Number:        116-24   
Date:             December 9, 2020

House Passes H.R. 2477, the “BENES Act of 2020”

On December 8, 2020, the House passed H.R. 2477, the Beneficiary Enrollment Notification and Eligibility Simplification Act of 2020 (BENES Act of 2020), as amended, under suspension of the rules. The bill now moves to the Senate for consideration.

This bill includes the following provisions of interest to the Social Security Administration (SSA):

Medicare Outreach Notices

  • Would require the Centers for Medicare and Medicaid Services (CMS) to develop a Medicare outreach notice, in consultation with SSA and various stakeholder groups.
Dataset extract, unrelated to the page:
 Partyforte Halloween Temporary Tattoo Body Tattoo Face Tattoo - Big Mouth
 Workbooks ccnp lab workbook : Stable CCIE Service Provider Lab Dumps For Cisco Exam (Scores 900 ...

The notice would include information on the following topics:
    • eligibility for Medicare benefits, in particular Parts B and C;
    • the penalties for not enrolling in Medicare timely and how the penalties are calculated;
    • the circumstances under which a person could enroll without penalty or receive relief from those penalties;
    • the need for coordination of benefits under Part B;
    • special considerations for certain populations, including residents of Puerto Rico and veterans; and
    • information on the online resources provided by CMS and SSA and the agencies’ toll free numbers.

  • Would require SSA to:
    • post the outreach notice on our public website;
    • include the outreach notice with the Social Security Statement we provide to individuals who are attaining age 63, 64, and 65; and
    • send the outreach notice to the following people two times around the end of their waiting period for Medicare:
      • disability beneficiaries (including disabled widows and people who receive childhood disability benefits);
      • Railroad Retirement Board disability beneficiaries; and
      • certain Medicare-qualified government employees.

  • Would require CMS to reimburse SSA from the Medicare Trust Funds for the cost of our activities related to the outreach notices. We could use our administrative appropriation (the “Limitation on Administrative Expenses”) to temporarily fund the work needed to establish the agreement and for work necessary to implement the outreach notice prior to establishment of the agreement.

  • Would be effective two years after the date of enactment.

Earlier Coverage after Enrollment in an IEP or GEP
Authority for HHS to Establish SEPs for Exceptional Circumstances

  • Would make Medicare coverage take effect earlier for people who enroll in the General Enrollment Period (GEP) or the last three months of their Initial Enrollment Period (IEP), as follows:

  • Would authorize the Secretary of Health and Human Services to establish a special enrollment period for people in exceptional circumstances, as defined by the Secretary.

  • Would be effective January 1, 2023.

Extended Coverage of Immunosuppressive Drugs for Kidney Transplant Patients

  • Enrollment in Parts A and B for people who have end-stage renal disease generally ends 36 months after they receive a successful organ transplant. This bill would allow a person who has no other health insurance coverage to remain enrolled in Part B beyond this period for the purpose of covering immunosuppressive drugs

  • The premium for this extended Part B coverage would not be subject to late enrollment penalties and would be less than the standard Part B premium.

  • Coverage would start January 2023, as follows:
    • People whose 36-month coverage period ends before January 2023 could enroll starting in October 2022 and their coverage would start the later of January 2023 or the month after they enroll; and
    • o People whose 36-month coverage period ends January 2023 or later would be automatically enrolled.